Je hochai la tête, happée par la splendeur de ce visage, par ce sourire tendre qui étirait sa mâchoire virile, par ce regard bleu, cette peau laiteuse.
— Tu n'as rien écouté...Il souriait, cherchant mes yeux qui occupaient ses traits.
— Je sais utiliser mes oreilles et mes yeux, répondis-je, tout à la fois.
Soutenant mon air mutin, il me bouscula jusqu'à me faire toucher le sol. Je renversai le verre de lait avant de l'embrasser, faisant rouler mes lèvres contre le feu roux de sa barbe naissante.
À loisir, mon index et mon majeur remontaient d'un petit galop l'arrête inégale de son nez cassé quelques semaines plus tôt.

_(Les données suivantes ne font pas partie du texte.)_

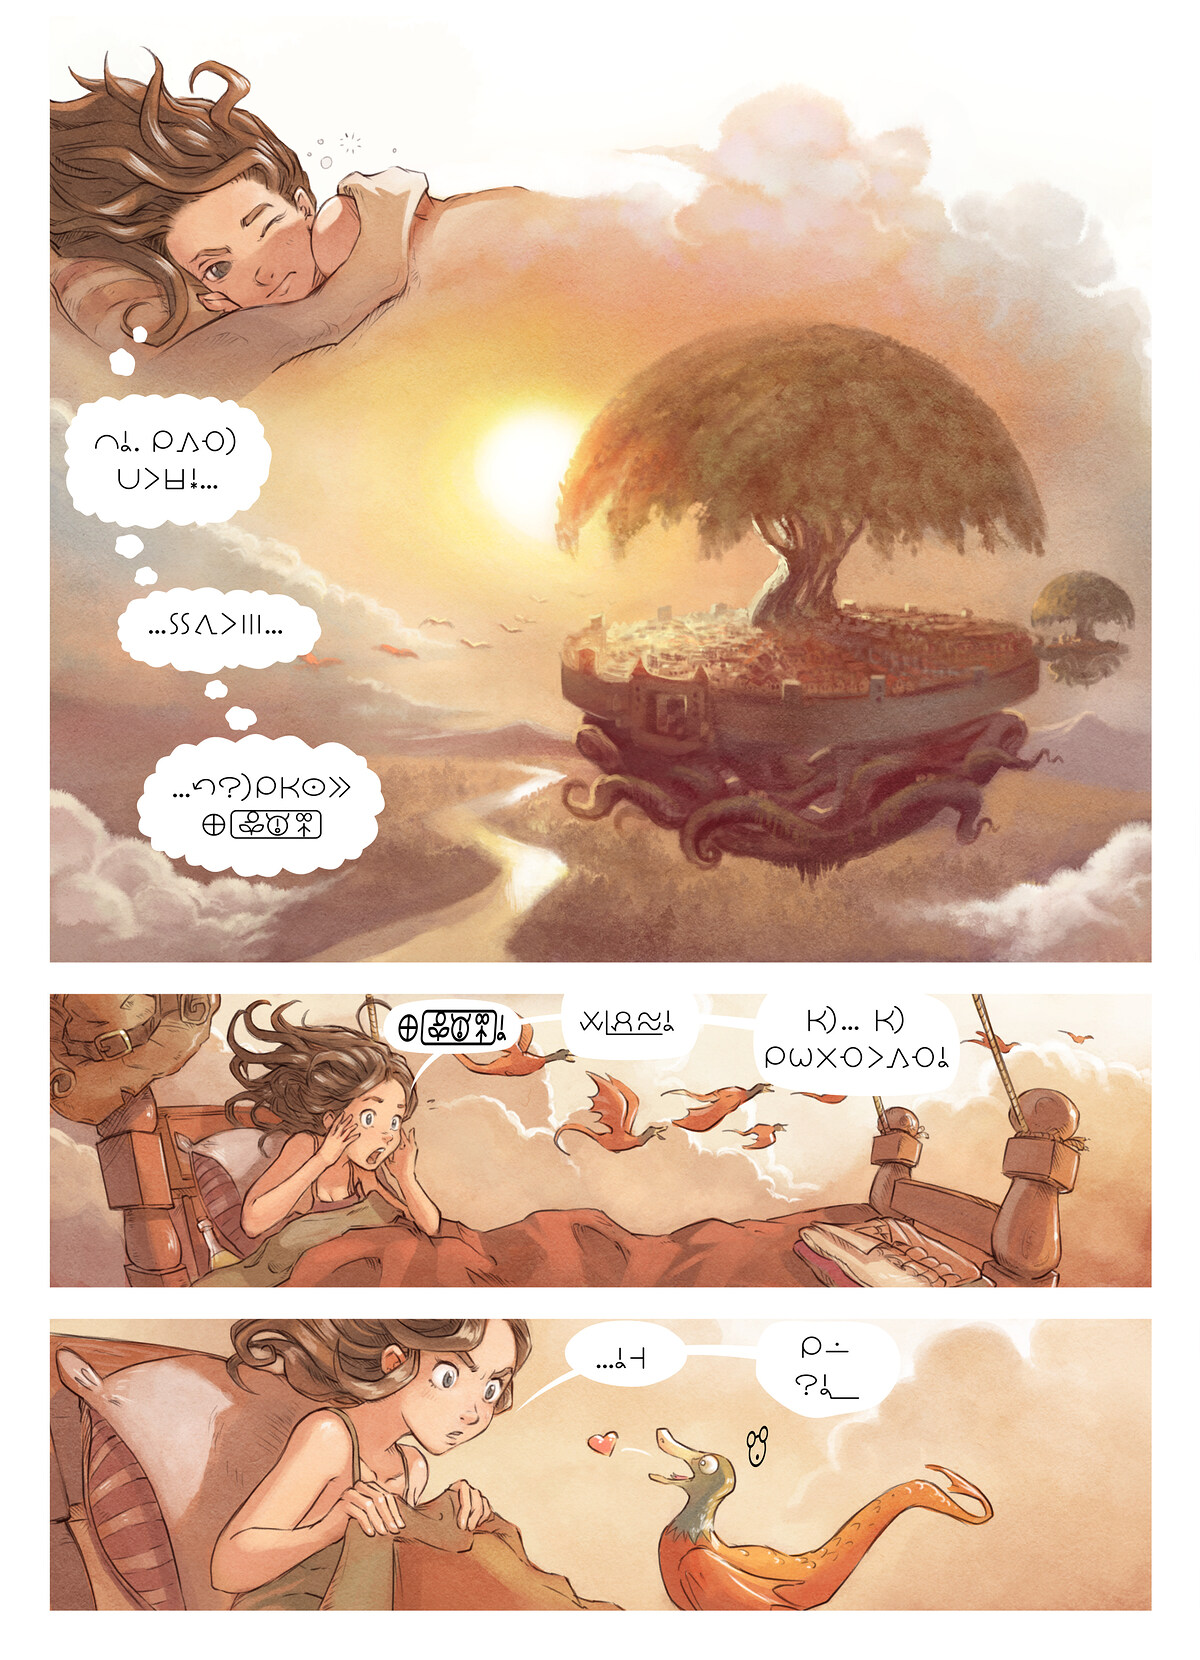 lipu nanpa luka wan: utala pi+__pali__telo, lipu lili nanpa 1
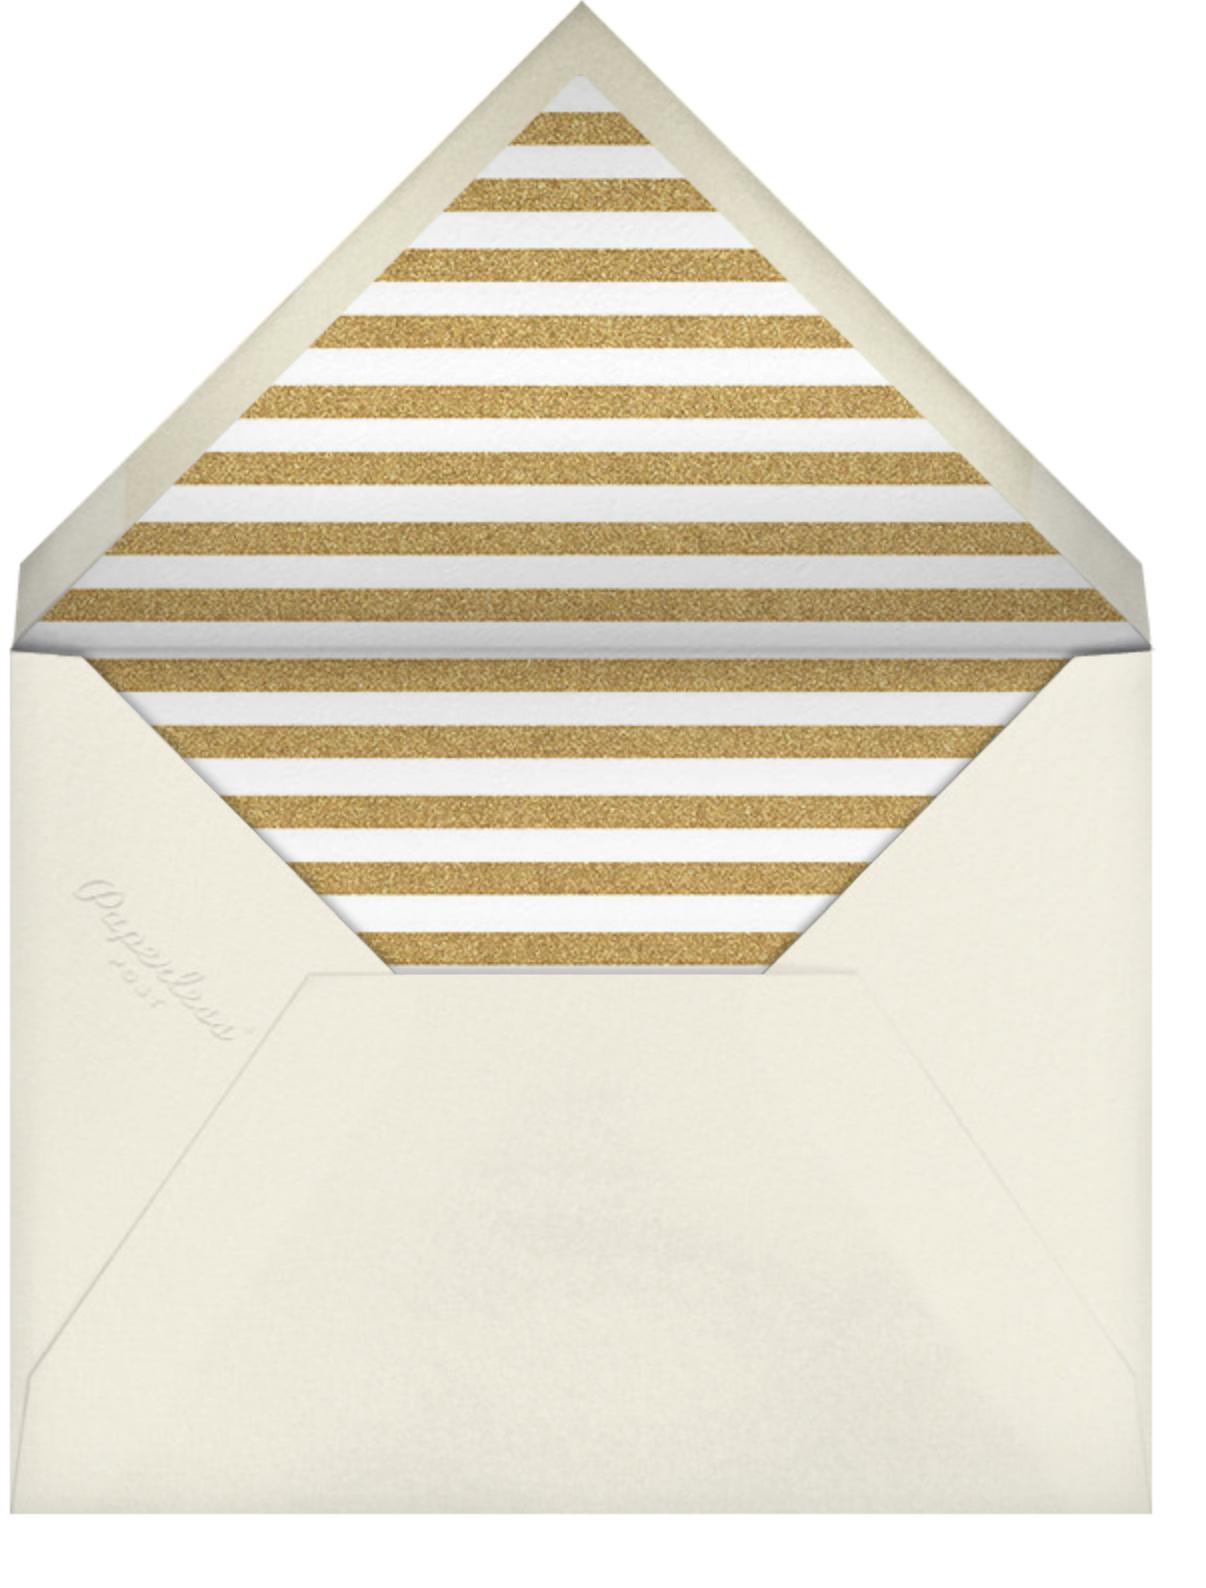 It's Your Day - The Indigo Bunting - Birthday - envelope back

— Je vois l'empreinte du dictionnaire, plaisantai-je.
— Tu m'as défiguré, déclara-t-il solennellement.
— Tu es bien mieux comme ça.Il soupira, théâtral.
— Mademoiselle, s'écria-t-il en se redressant, vous êtes folle ! Il se laissa retomber sur les coussins. Qu'allons-nous faire de vous ? Je vais vous le dire ! Il se redressa de nouveau comme j'éclatai de rire dans le petit jour. Mademoiselle, fit-il en s'entourant d'un drap, je vous condamne à la torture de n'être aimée que de moi.Mademoiselle, s'exclama-t-il, je vous condamne au destin de quatre enfants turbulents dont les rires s'élèvent en Bavière !
— Pourquoi quatre ? l'interrompis-je. Toujours quatre.
— Parce que c'est comme ça, Mademoiselle, on ne discute pas avec la Loi ;discute-t-elle avec vous ?
— Mais à l'instant il me semble, fis-je en le désignant.
— Oh, moi ? Je ne suis qu'un messager. Allons, Mademoiselle, un peu de tenue !Et cachez ce sein ; keine Zeit für Freiheit! Pas de temps pour la liberté !
— Tu es fou, ris-je.
Il vint s'écraser près de moi, fourrageant vers ce sein qu'il venait d'esquisser.Ses doigts marquaient ma peau comme il me tenait avec la force d'une personne craignant vous perdre. Il respirait bruyamment contre mon oreille, embrassant ma tempe et lissant mes cheveux d'une main affectueuse et tendre. Je fermai les yeux,éprise d'un vif plaisir tandis que son poids me couvrait, me protégeait, me rassurait.
— Je veux que tout finisse... souffla-t-il.
— Tu as dit que la fin était proche ?
— Ja...
— Alors, qu'y-a-t-il ?
Son menton sur ma poitrine, je vis son regard se perdre dans le vague.
— Des choses que je fais, répondit-il, elles me déplaisent.
— Que fais-tu, Hans ?
Je caressai ses cheveux tandis qu'il réfléchissait.
— Mais ce qu'ils ordonnent...
Avions-nous appris à danser la valse pour parer au manque ? Je reposai ma tête sur l'oreiller, écoutant les premières notes de cette comptine allemande échappée du Soldaten Kino ; des notes qui vinrent signer notre séparation.